Cezayir'in başında bulunan General Liamin Zerual, halen ülkeyi içinde bulunduğu kritik durumdan kurtarmak için, askeri rejimden daha demokratik bir düzene "yumuşak geçiş" yapmak gereğini duyuyor. Bu nedenle, yeni bir anayasa hazırlattı ve bunu geçen hafta sonu, referanduma sundu.
Halk oylamasına sunulan taslağın en önemli maddesi, din, dil ve etnik temele dayanan partileri yasaklamayı öngörüyor. Böylece bir yandan şeriatın önü kesilmek, diğer yandan da Berberilerin ayrılıkçı hareketleri önlenmek isteniyor.
Anayasanın bu şekli ile, Cezayir'de FİS gibi bir partinin faaliyette bulunması mümkün değil.
Ama ılımlı İslamcı Parti "Hamas", siyasi hayatta yer alabilecek.
Anayasa, Cezayir'i bir İslam Cumhuriyeti olarak nitelendiriyor. Yani din, devletten ayrılmıyor; ama şeriat da öngörülmüyor.

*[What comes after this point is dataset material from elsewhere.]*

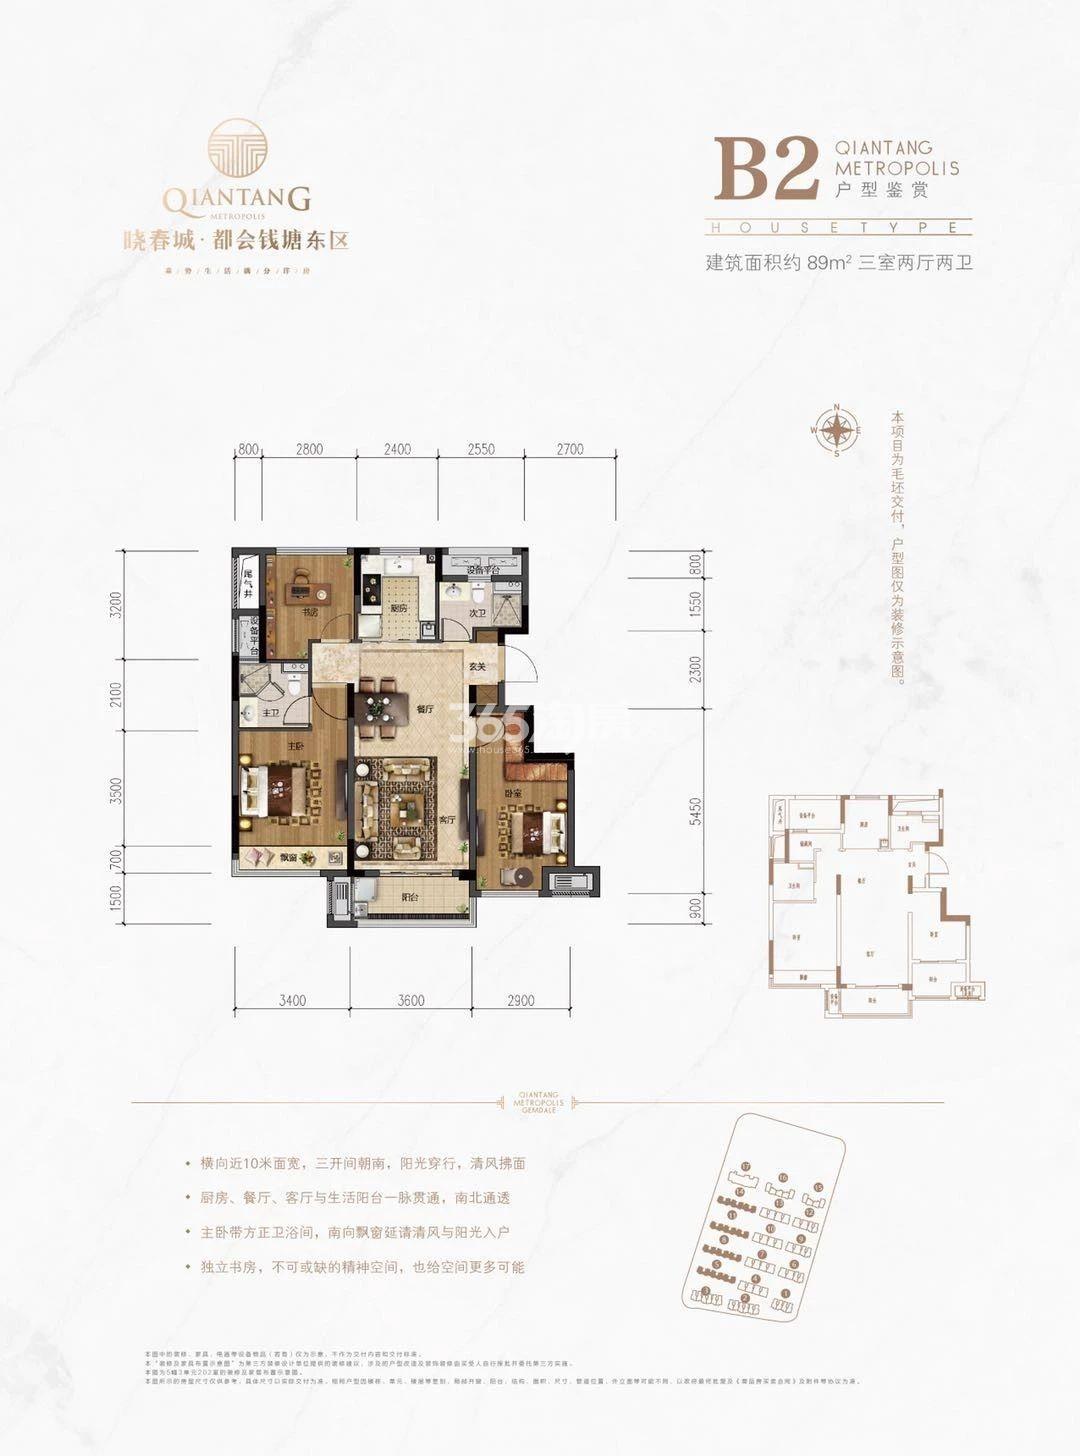 晓春城(都会钱塘东区)低密度多层B2户型约89㎡(5#8#11#14#)

Rejimin resmi ağızlarına göre, referandum halkın büyük kısmının yeni anayasayı onaylaması ile sonuçlanmış. Ne var ki, muhalefet yüzde 79 katılım oranını, yüzde 85 "evet" sonucunu uydurma veya abartılı buluyor.
Her şeye rağmen, yabancı gazetecilerin çoğu, Zerual'ın iyi bir sonuç aldığını, oranlar daha düşük olsa dahi, halkın önemli kesiminin zor şartlarda sandık başına gidip "evet" dediğini bildiriyor.
Şimdi Zerual, bu referandumda aldığı yeni yetki ve güç ile, ülkeyi önümüzdeki yıl seçimlere götürmeyi planlıyor. Tabii bu durumda "şeriat" yanlısı sayılan FİS bu seçimlere katılamayacak...
* * *
REFERANDUM ile köktendinci veya ayrılıkçı partileri saf dışı etmek...
Cezayir'in şimdi de halk oylaması ile sergilediği "yeni örnek" de bu...
Bu ne kadar demokrasiye uygundur?
İngiliz "Economist" dergisi durumu "Demokrasi, eksi İslamcılar" diye nitelendiriyor. Fransız "Liberation" gazetesi, "bu bir göz boyamadır ve amaç askeri rejimi meşrulaştırmaktır" diyor.
Fransa dahil, Batı genelde Cezayir'de İslamcı radikallerin güçlenmesini - ve hele iktidara gelmesini - hiç istemiyor. Ama doğrusu Cezayir'de "askeri oligarşi"nin hakim olmasını ve demokrasinin rafa kaldırılmasını da onaylamıyor.
Ne var ki, Cezayir'e demokrasi ile beraber FİS'in de gelmesi olasılığı hala çok kuvvetli. Cezayir - ve dünya - bu sonuca katlanmaya hazır mı?